Figure 7c shows the evolutionary trends for the topic strengths for hydrogen storage and transportation patent technologies. The topic strength for hydrogen transportation and hydrogenation equipment monitoring and safety control systems fluctuated slightly from 2008 to 2017 before beginning to increase rapidly in 2017. The topic strength for organic matter and composite materials applied to hydrogen storage increased somewhat from 2008 to 2015, after which point the performance stabilized. The topic strength for hydrogen storage containers and hydrogen storage alloys was initially relatively high. However, there was an obvious inflection point around 2016, and the topic strength dropped. As technology matures, research interest decreases. Figure 7d shows the evolutionary trends for the patent technology topic strength for hydrogen fuel cells and other hydrogen-energy-related equipment and systems. Figure 7 shows that the overall focus on safety monitoring methods and systems for hydrogen fuel cells and other hydrogen energy equipment has increased.
Therefore, of the top ten technical topics with the highest topic intensity in recent years, Topic 15, Topic 5, Topic 16, and Topic 4 show an apparent downward trend. Although the overall topic intensity is high, their influence has gradually weakened. Topic 0 and Topic 13 are similar to the technical Topic 19 and belong to hydrogen-safety-related categories. Their topic intensity has rapidly increased since 2016, reaching sixth (Topic 0) and 12th (Topic 13) place in 2022. Considering everything, it is believed that Topic 0, Topic 3, Topic 8, Topic 9, Topic 12, Topic 15, Topic 17, and Topic 19 significantly impact the field of hydrogen energy.

3.2.2. Topic Novelty

According to this paper’s definition of topic novelty, the entire period of study lasted from 2008 to 2022, divided into three stages. Each stage spanned five years. The first stage is from 2008 to 2012. The first stage’s topic intensity was registered as Sum’, and the topic intensities from 2008 to 2022 were recorded as Sum. Then, the weight of Sum’ to Sum was calculated, as shown in Table 2. If the weight of a specific research topic in the first stage was less than 33.3%, the topic was considered novel. From this method, it was concluded that Topic 0, Topic 6, Topic 7, Topic 8, Topic 9, Topic 12, Topic 13, Topic 14, Topic 17, and Topic 19 were novel.
The calculation results were listed in a questionnaire for each expert individually. Then, in discussion through meetings of the expert group, it was determined that the emerging technology topics with both prominent impact and novelty were Topic 0 (hydrogen energy devices, systems, and detection methods), Topic 8 (hydrogen production catalysts), Topic 9 (hydrogen production from wind and solar and energy storage systems), Topic 12 (materials, methods, and devices for hydrogen production by water electrolysis), Topic 17 (materials for photocatalytic hydrogen production), and Topic 19 (hydrogen storage, monitoring, and safety control systems for hydrogen transportation and hydrogenation equipment). Hydrogen energy covers a wide range of technological topics and cross-integrates with other technological fields [79], increasing the difficulty of identifying emerging technology. Combining unsupervised topic models and expert judgment can, on the one hand, discover latent or abstract topics appearing in document collections and, on the other hand, improve the credibility of technical identification. Manuel W. Bickel [80] used the LDA model to research Scopus-indexed abstracts in the field of sustainable energy, and the 15 hot topics with the most vital positive trends were obtained; those related to hydrogen energy included fuel cells, photocatalytic hydrogen production, and chemical catalysis. There were similar views to this paper regarding research interests and development trends.

4. Discussion

This paper selected six emerging hydrogen technology topics for discussion, which involved the issues of hydrogen production, storage, and transportation.
Hydrogen production technology can be divided into four categories based on different raw materials: hydrogen production from fossil energy reforming, hydrogen production from industrial byproducts, hydrogen production from biomass, and hydrogen production from water electrolysis.
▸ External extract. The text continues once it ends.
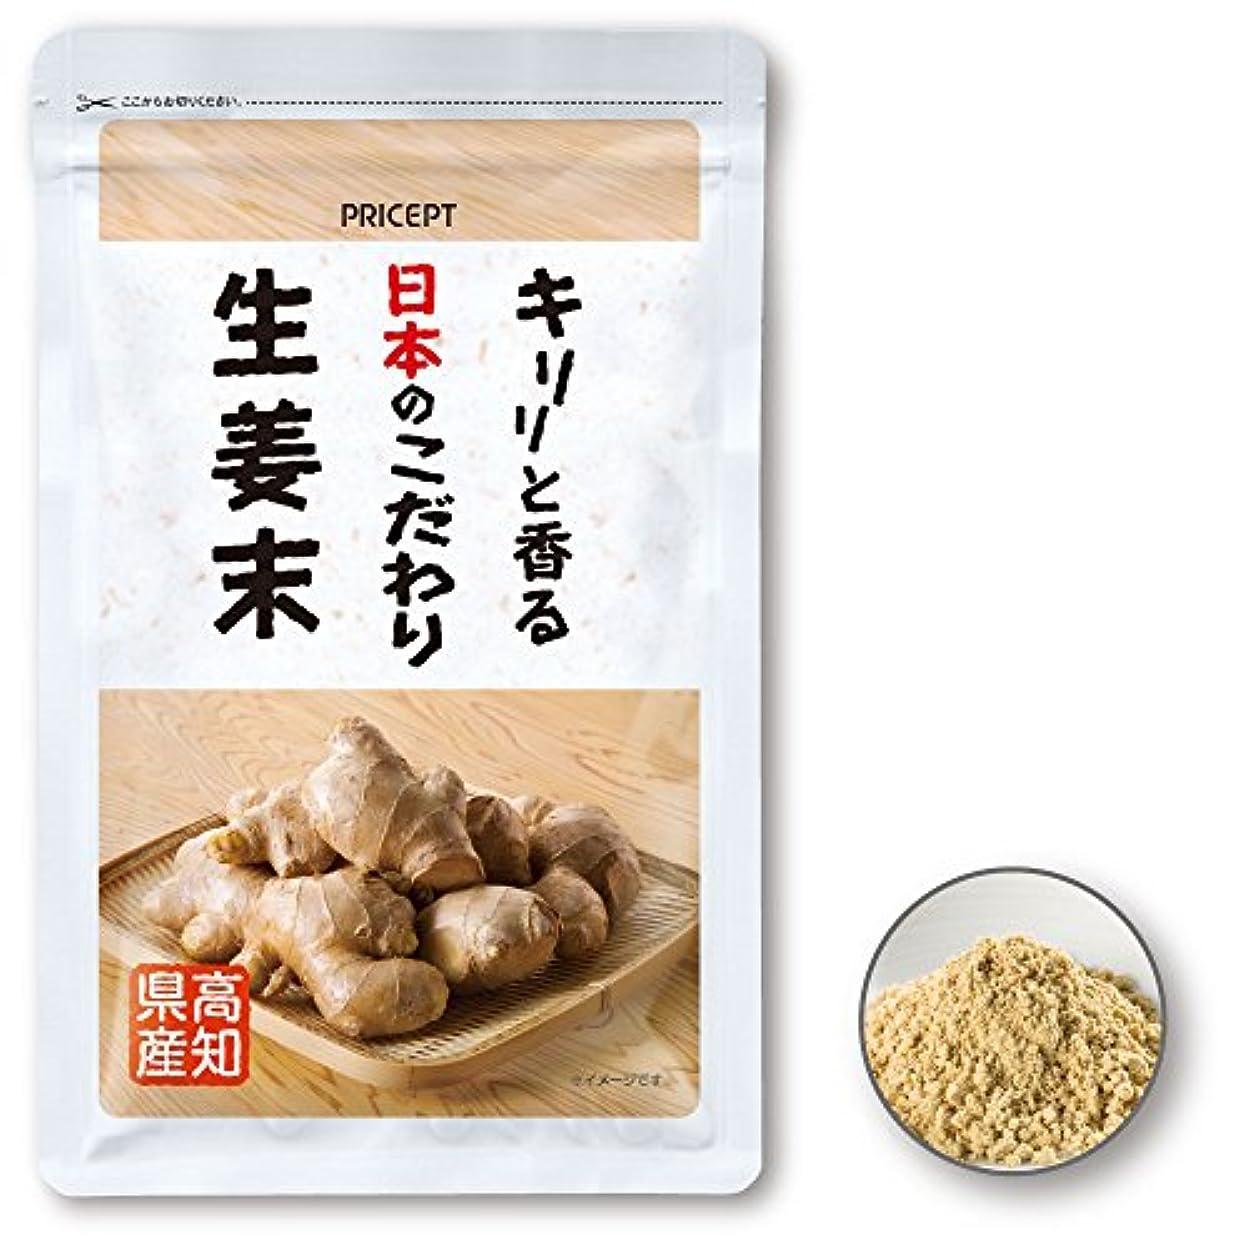 雪のイタリアの回転プリセプト キリリと香る日本のこだわり生姜末 50g(単品)(高知県産しょうが粉末)

Fossil energy hydrogen production consists of coal hydrogen production, natural gas hydrogen production, petroleum hydrogen production, etc.; industrial byproduct hydrogen production refers to hydrogen production from industrial byproducts such as coke oven gas, methanol, synthetic ammonia, alcohols, etc.; biomass hydrogen production refers to gasification and microbial catalytic dehydrogenation to produce hydrogen; and hydrogen production through water electrolysis is a process that uses electricity to split water into hydrogen and oxygen, making it a perfect way to produce hydrogen [81,82,83] and a promising option for producing carbon-free hydrogen using renewable and nuclear resources. Affected by production costs, hydrogen production from fossil fuels still dominates the global hydrogen supply [84]. However, the growing use of renewable resources has drawn attention to the production of green hydrogen [85]. Many scholars have compared the economic viability and environmental performance of different hydrogen production technologies [86,87,88,89]. Richa Kothari et al. [90] evaluated the environmental impact of varying hydrogen production processes. They found that, at 75% system efficiency, the carbon dioxide emissions per kilogram of hydrogen produced using traditional fuels are 7.33 to 29.33 kg. The carbon dioxide emissions produced using renewable energy sources such as wind, solar, and water to produce hydrogen are zero. Currently, producing hydrogen from fossil fuels is the cheapest option in much of the world. The average cost of producing hydrogen from natural gas ranges from USD 0.50 to 1.70 per kilogram (kg), depending on regional natural gas prices. Using CCUS technology to reduce CO2 emissions in hydrogen production could increase production costs to around USD 1 to 2 per kilogram. Producing hydrogen using renewable electricity costs between USD 3 and 8 per kilogram [91]. Although using water electrolysis to produce hydrogen is expensive, it is a potentially cost-effective method of producing hydrogen at a distributed scale at a cost appropriate to meeting the hydrogen supply needs of early fuel-cell vehicles [90].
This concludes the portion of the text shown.